Wednesday, February 23, 2011

After since.

It's been a while I did'nt logged in my blogger and update something about myself. Well actually I did I think?It just sometimes I wanted to write something but I just cant get the grammar correct/ words to describe what am I feeling at the time and so I just let the post drafted there.

Today is a boring day. Well if you are good enough  in history, it's Brunei National Day. And I got a one day holiday.Holiday uh? Rotting in the house facing my lappy and napped are what I did so far.

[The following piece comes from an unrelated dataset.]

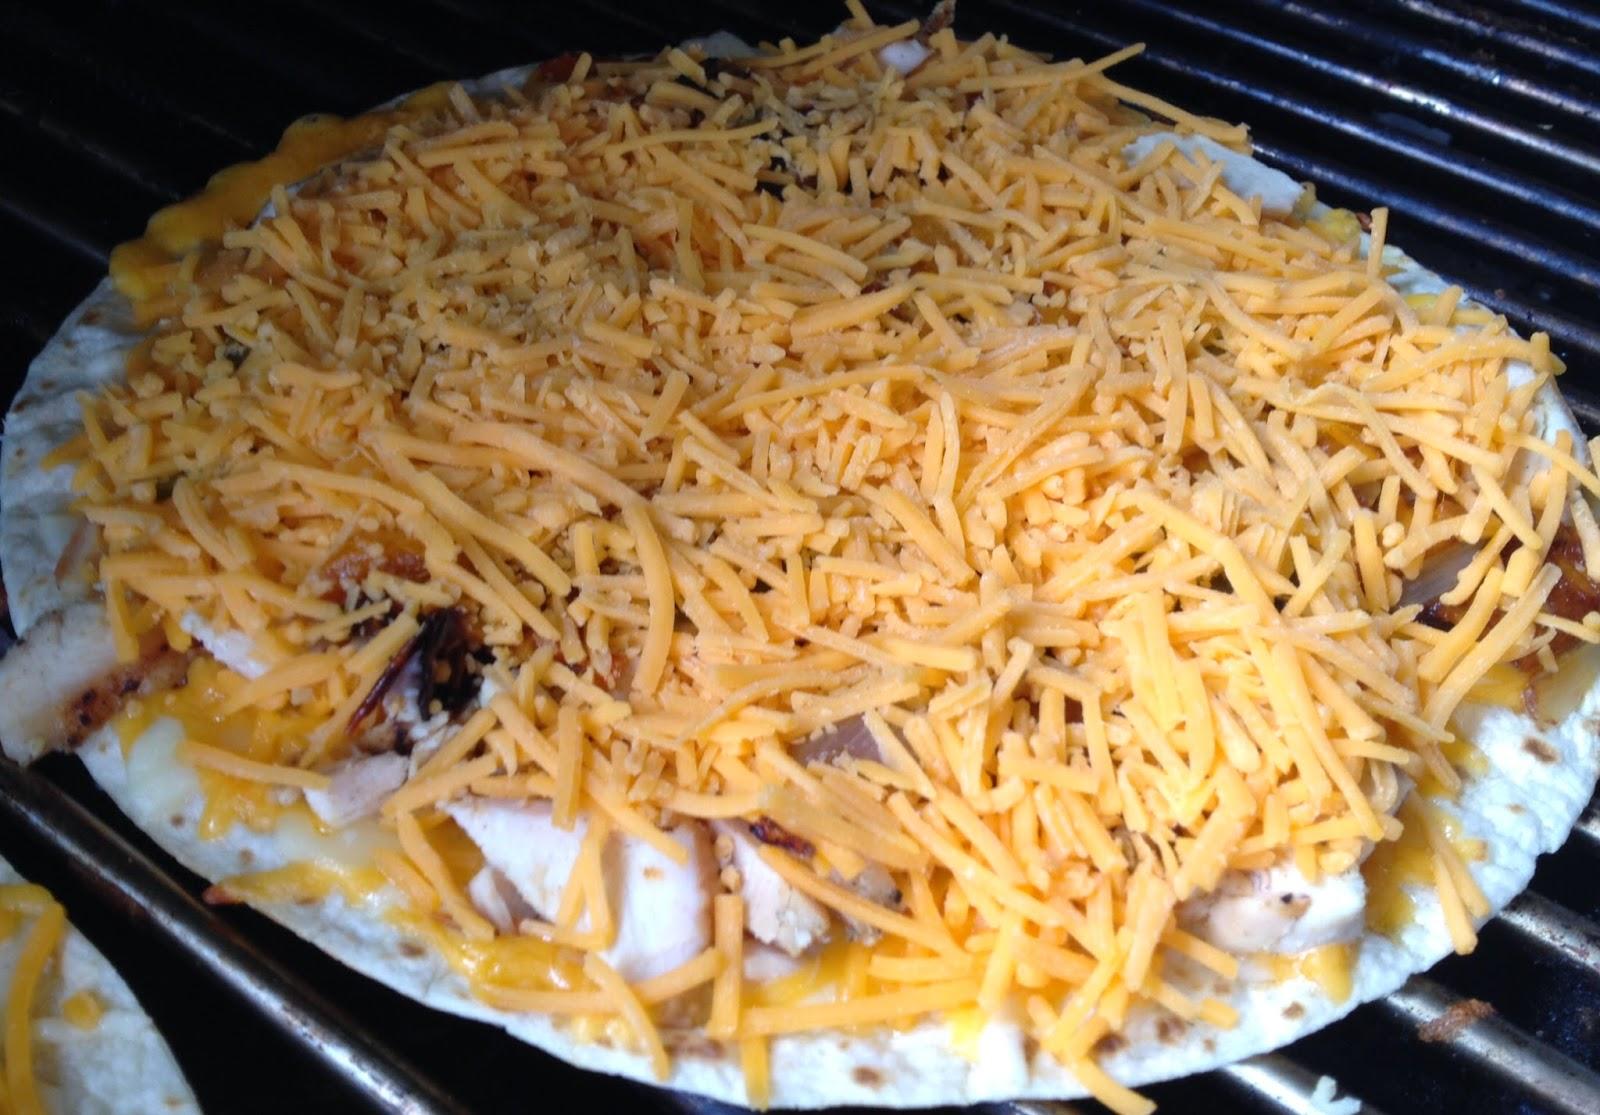 Keep an eye on the bottom tortilla, when it's crispy,

Nearly 9 months I have working in this country.Life here is good, I earns my own and I uses my own.Maybe sometimes I spent more than I earned but I guess thats life.I met a bunch of mates here and they're just friendly and nice.Sometimes misunderstanding occurred between me and anyone of them.I'd just say I am not the kind of person who smart enough to express whats wrong with me to people surrounding me.All I know is just show my face according to my mind and emotion.I do understand its annoying everytime we hanged out but then I showed up emo face and ended up the gathering in not happy condition.BUT trust me that I love to hang out with you guys.Oh Yeah,and also today is my sister Elaine Loi 19th birthday.Kor at here again wishes you have a wonderful day and you know I <3 You.

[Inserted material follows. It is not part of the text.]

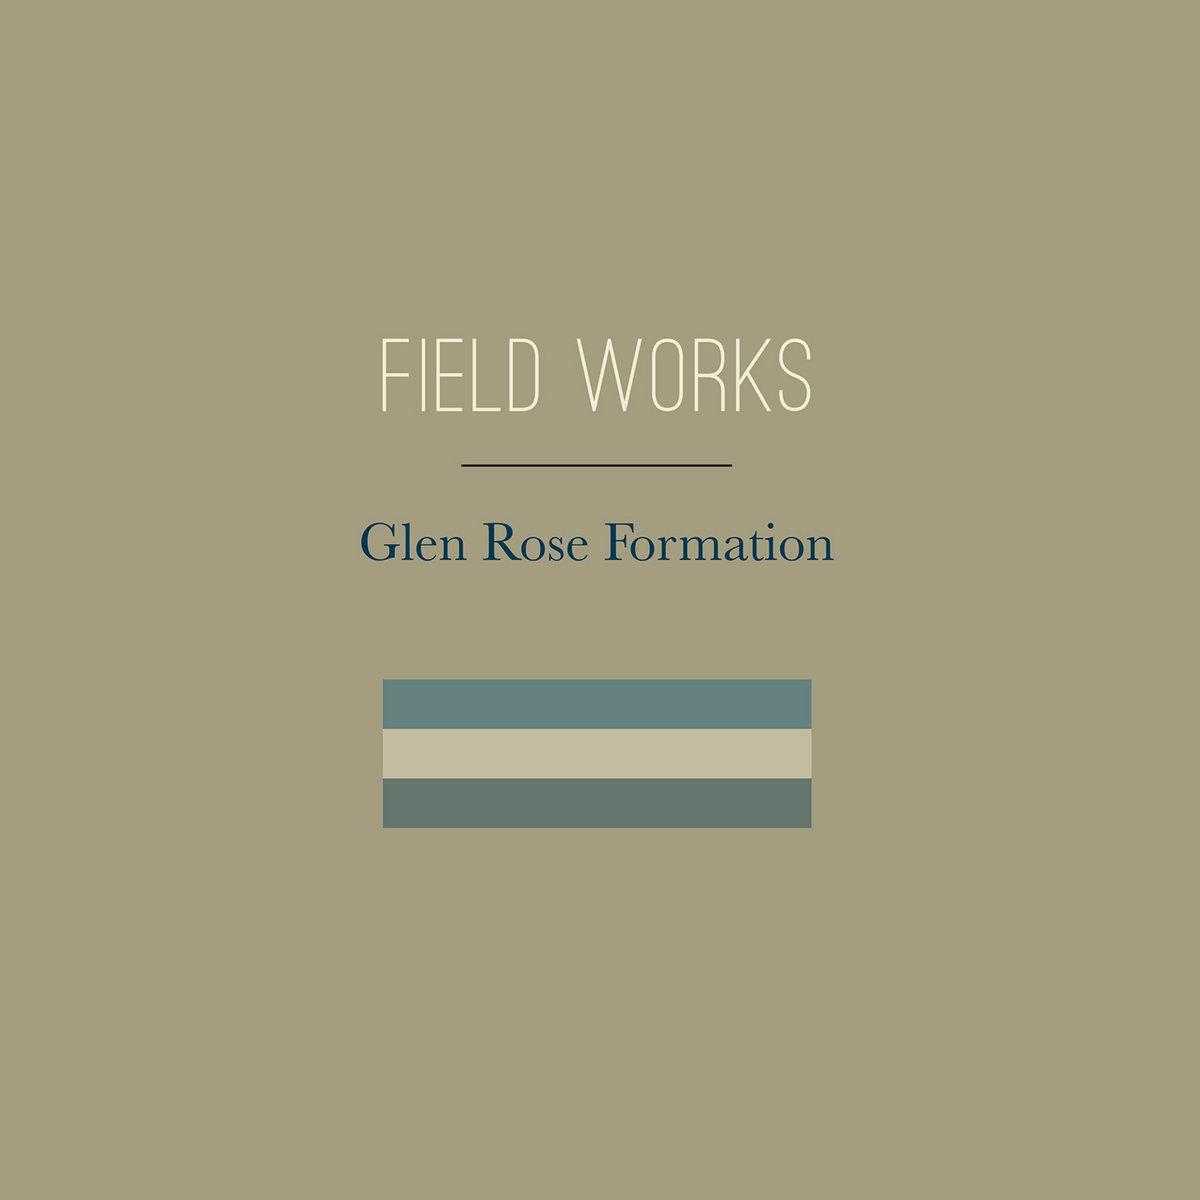 Glen Rose- remix of

I am a higher and also can be a very very down dropper sometimes.I hate the feeling of waiting.No matter its forwarding a good situation or bad side.Waiting for the party started,waiting for the injuries being healed,and recently I got the feeling of waiting someone come back to you.This will be so ridiculous if the opposite never promised anything but you waiting for him/her for nothing here;or maybe what you waiting is a chance which you will not seeing any future hopes between you and him/her.After a big slapped on my face and I realized that is a shit,then I trying so hard to let it go.But sometimes thing did not work as your wished.Starred at the pictures on the wall and I will ask myself : are you doing fine over there so far from me? So I dislike during the time to forget someone.Actually its like you are waiting someone to step out from your world.So again,Its WAITING.

现在我很幸福 is in the headset since just now.Maybe till the time we meet again, I able to tell you that : I'm doing good as what you wished before you leaved.If leaving is what you decided,please you gotta take care yourself always.Find someone that he is deserved to own your heart.Find someone who willing to love you more than you love her. And I will do the same thing too :)

也许分开是为了下次的再见 is currently my favourite quote to motivated myself when someone is leaving so far from me.